[Your assignment]:
In the entries below, begin at the line that has "Complement your sleep", stop after the line that has "Is the Pentax", and output those lines exactly with no pictures.

[Supplied records]:
[Start of Attachment]

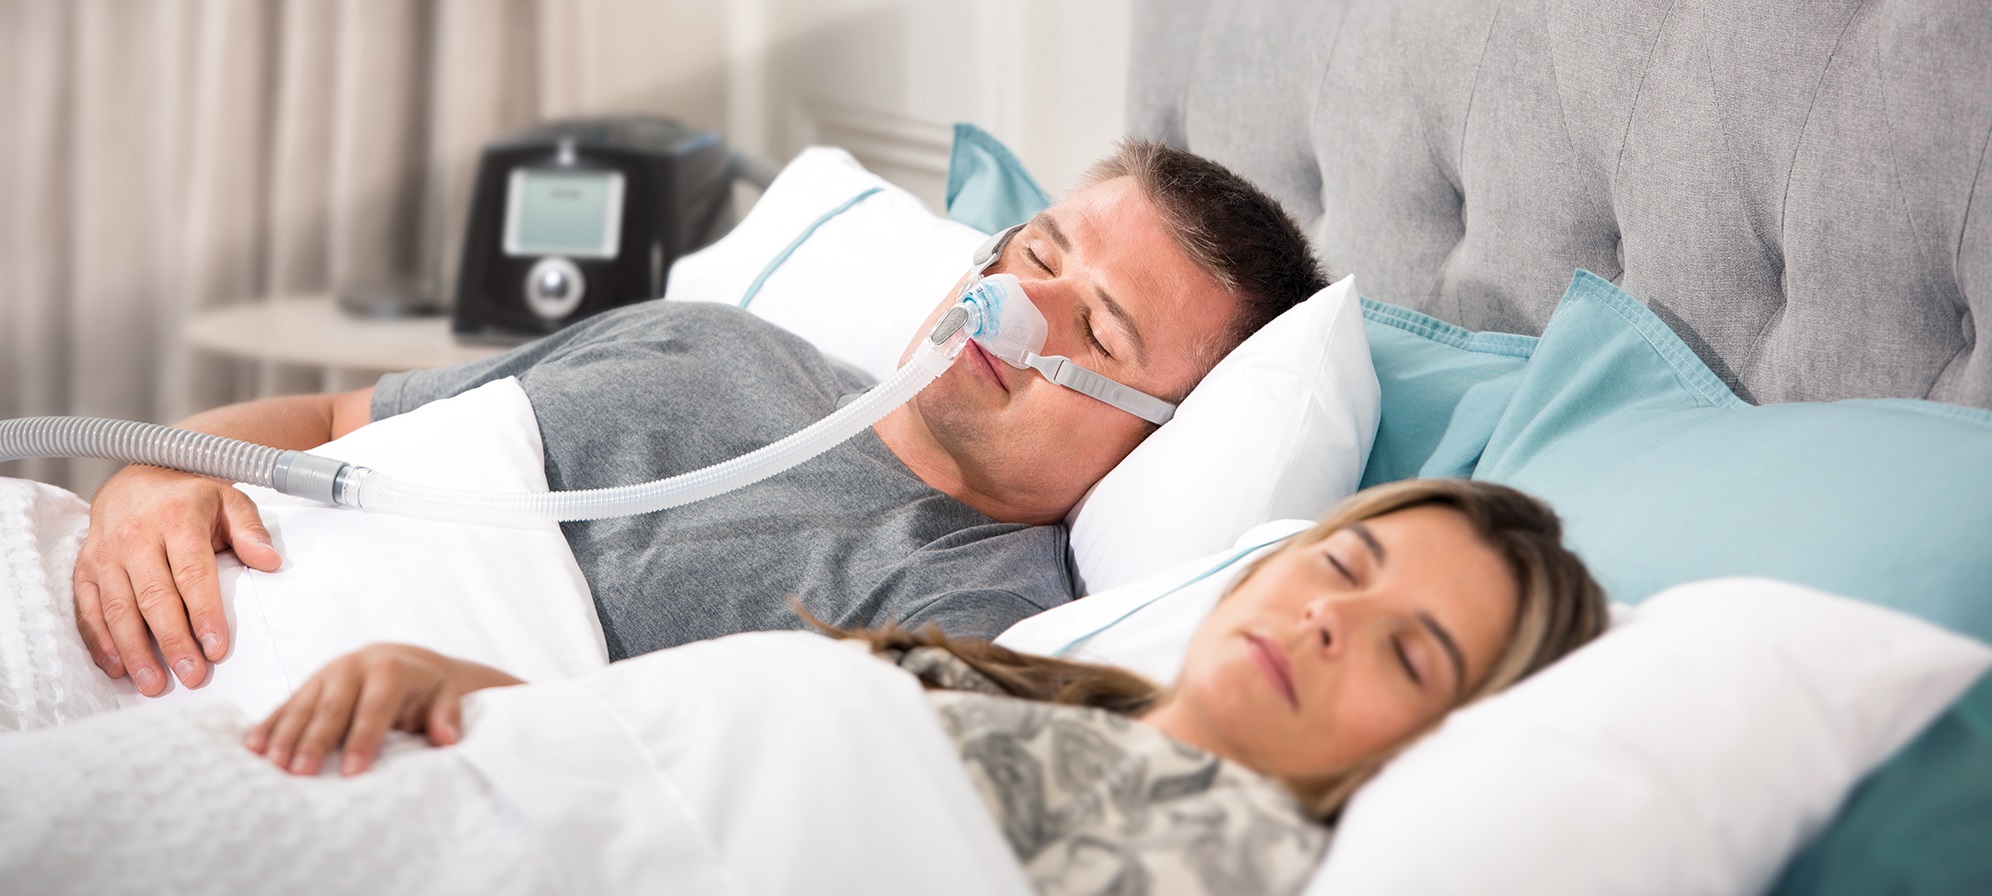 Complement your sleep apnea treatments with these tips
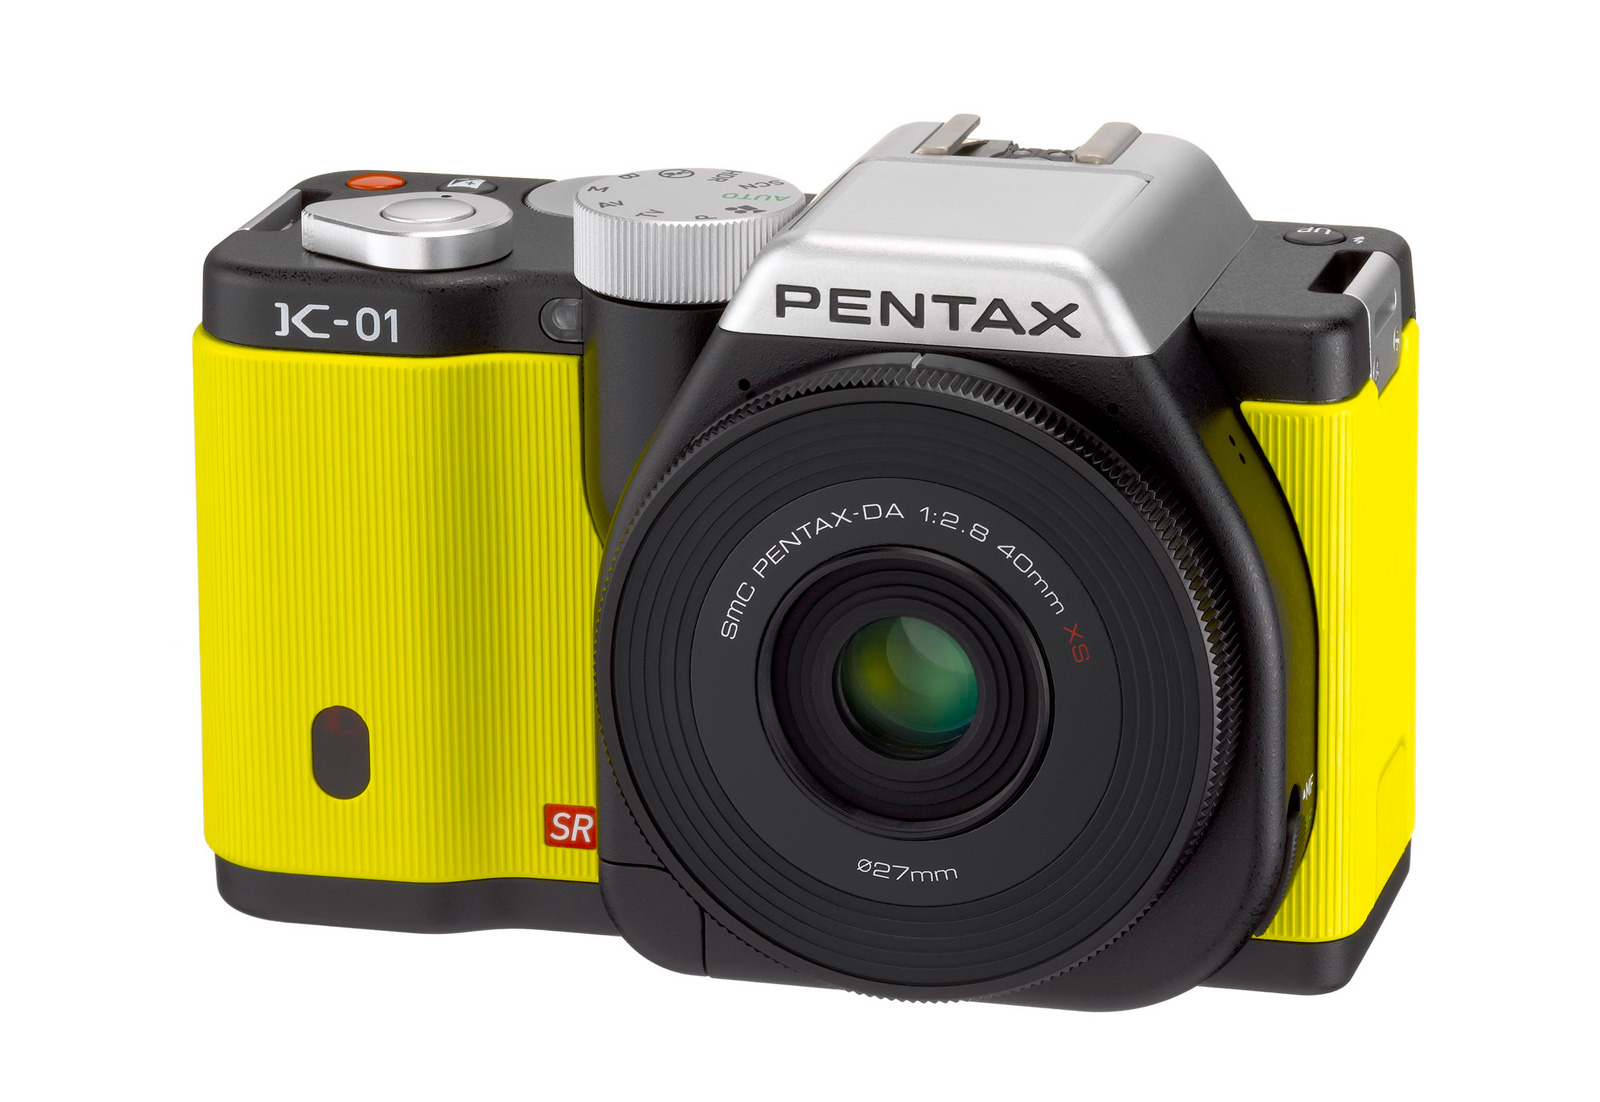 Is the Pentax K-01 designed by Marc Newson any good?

[End of Attachment]
[Start of Attachment]

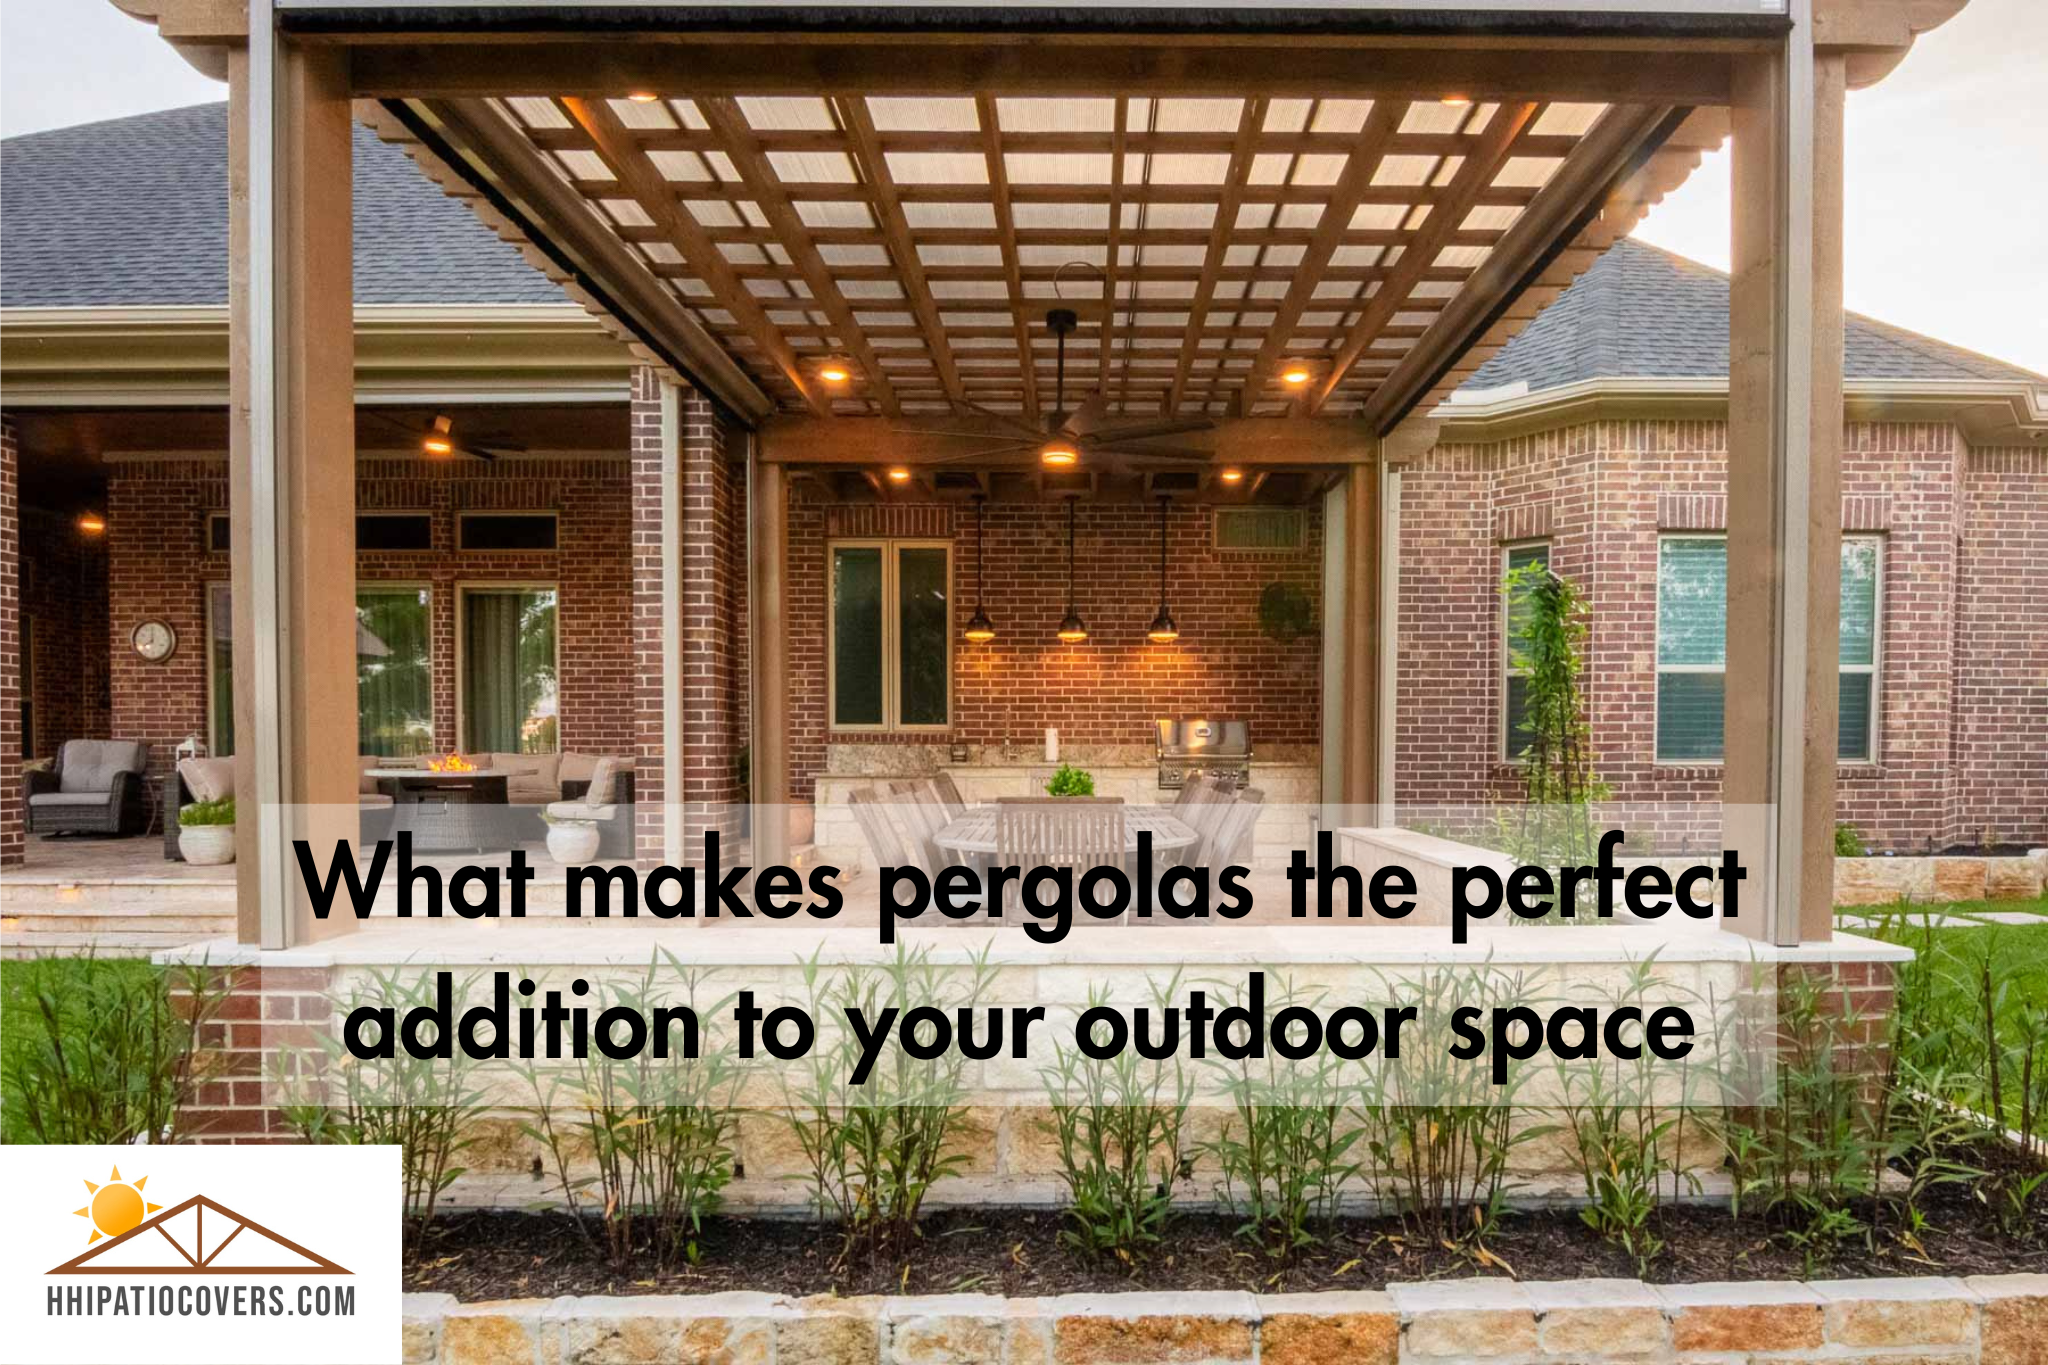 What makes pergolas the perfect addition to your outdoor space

[End of Attachment]
[Start of Attachment]

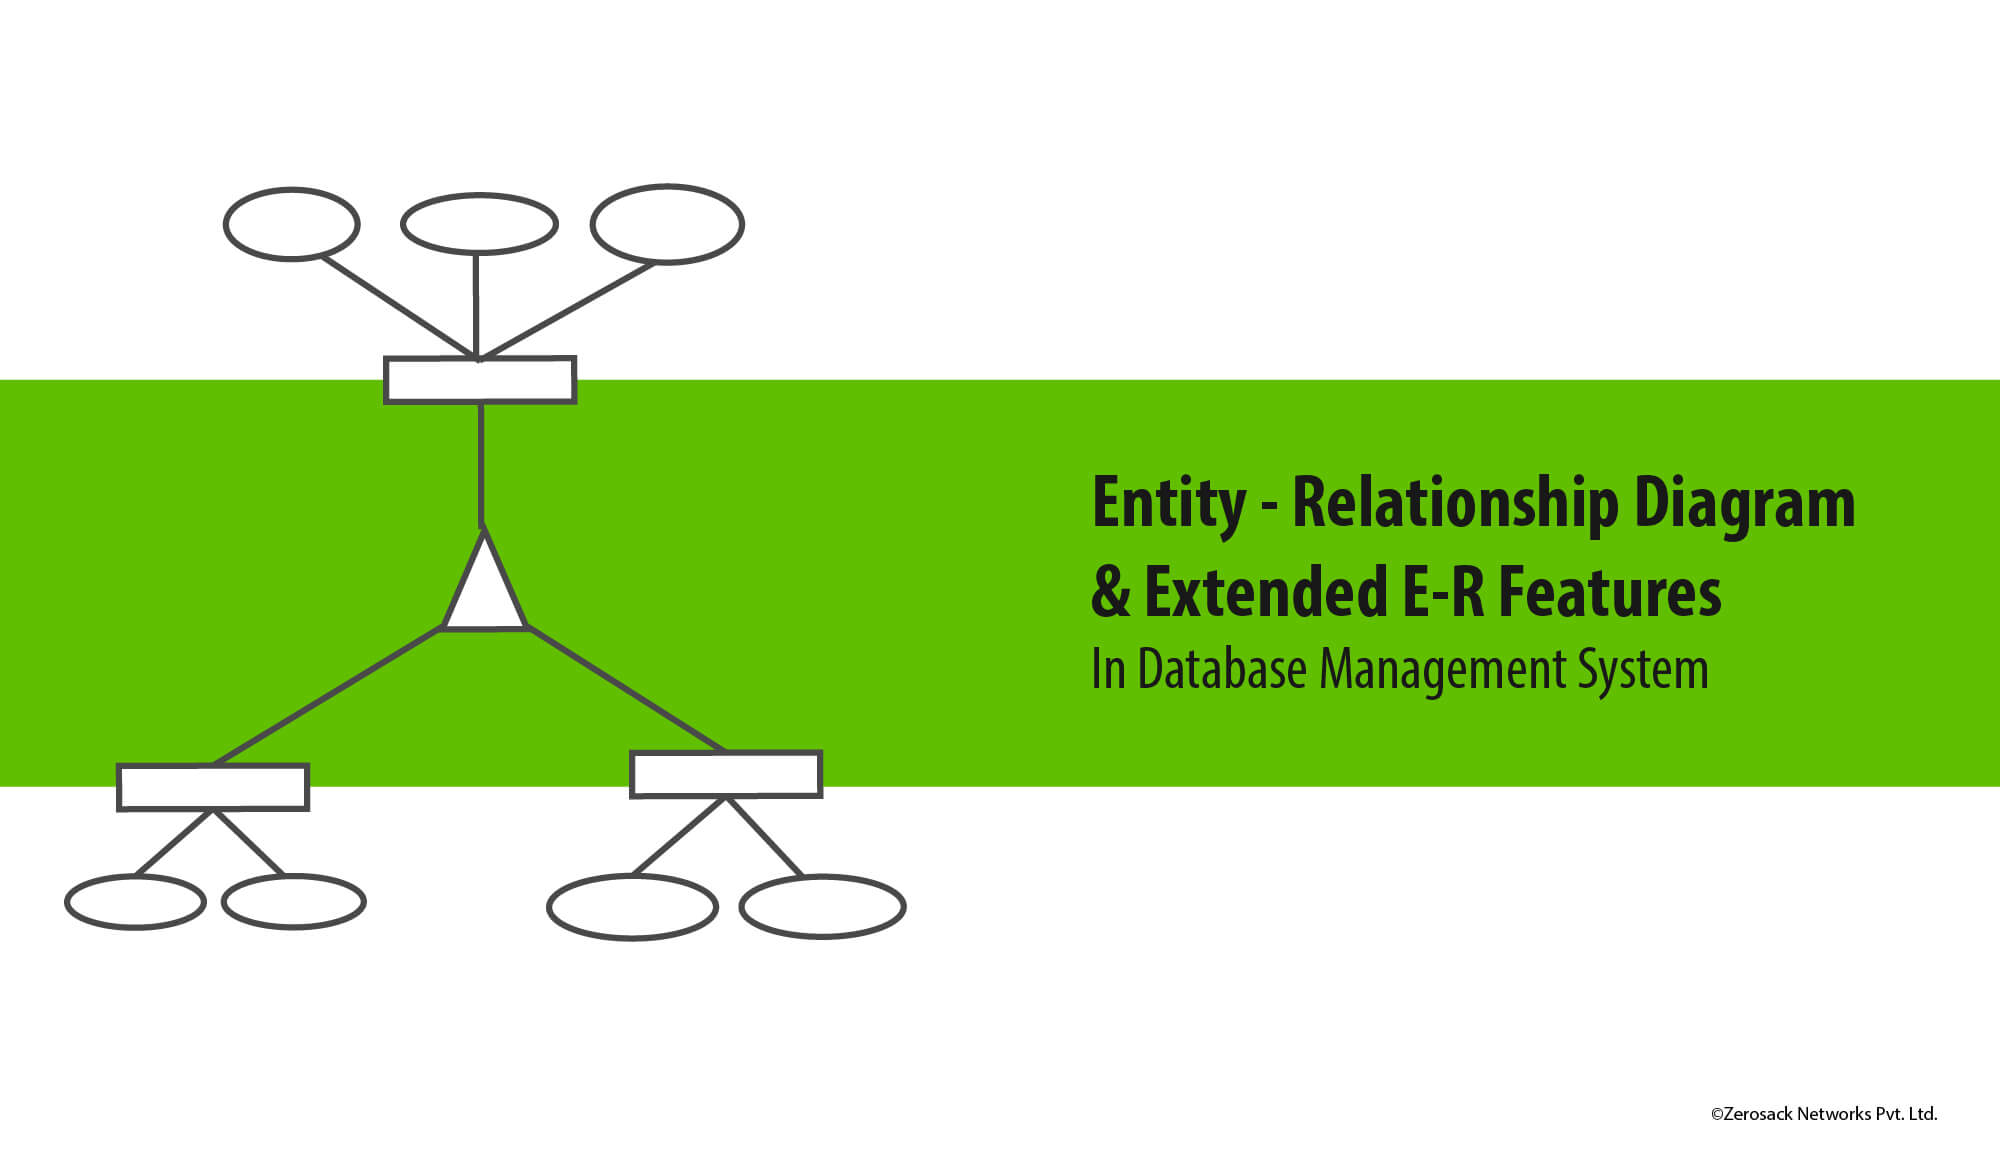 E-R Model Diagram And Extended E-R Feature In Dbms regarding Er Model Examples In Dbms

[End of Attachment]

[Output of the task]:
 Complement your sleep apnea treatments with these tips
 Is the Pentax K-01 designed by Marc Newson any good?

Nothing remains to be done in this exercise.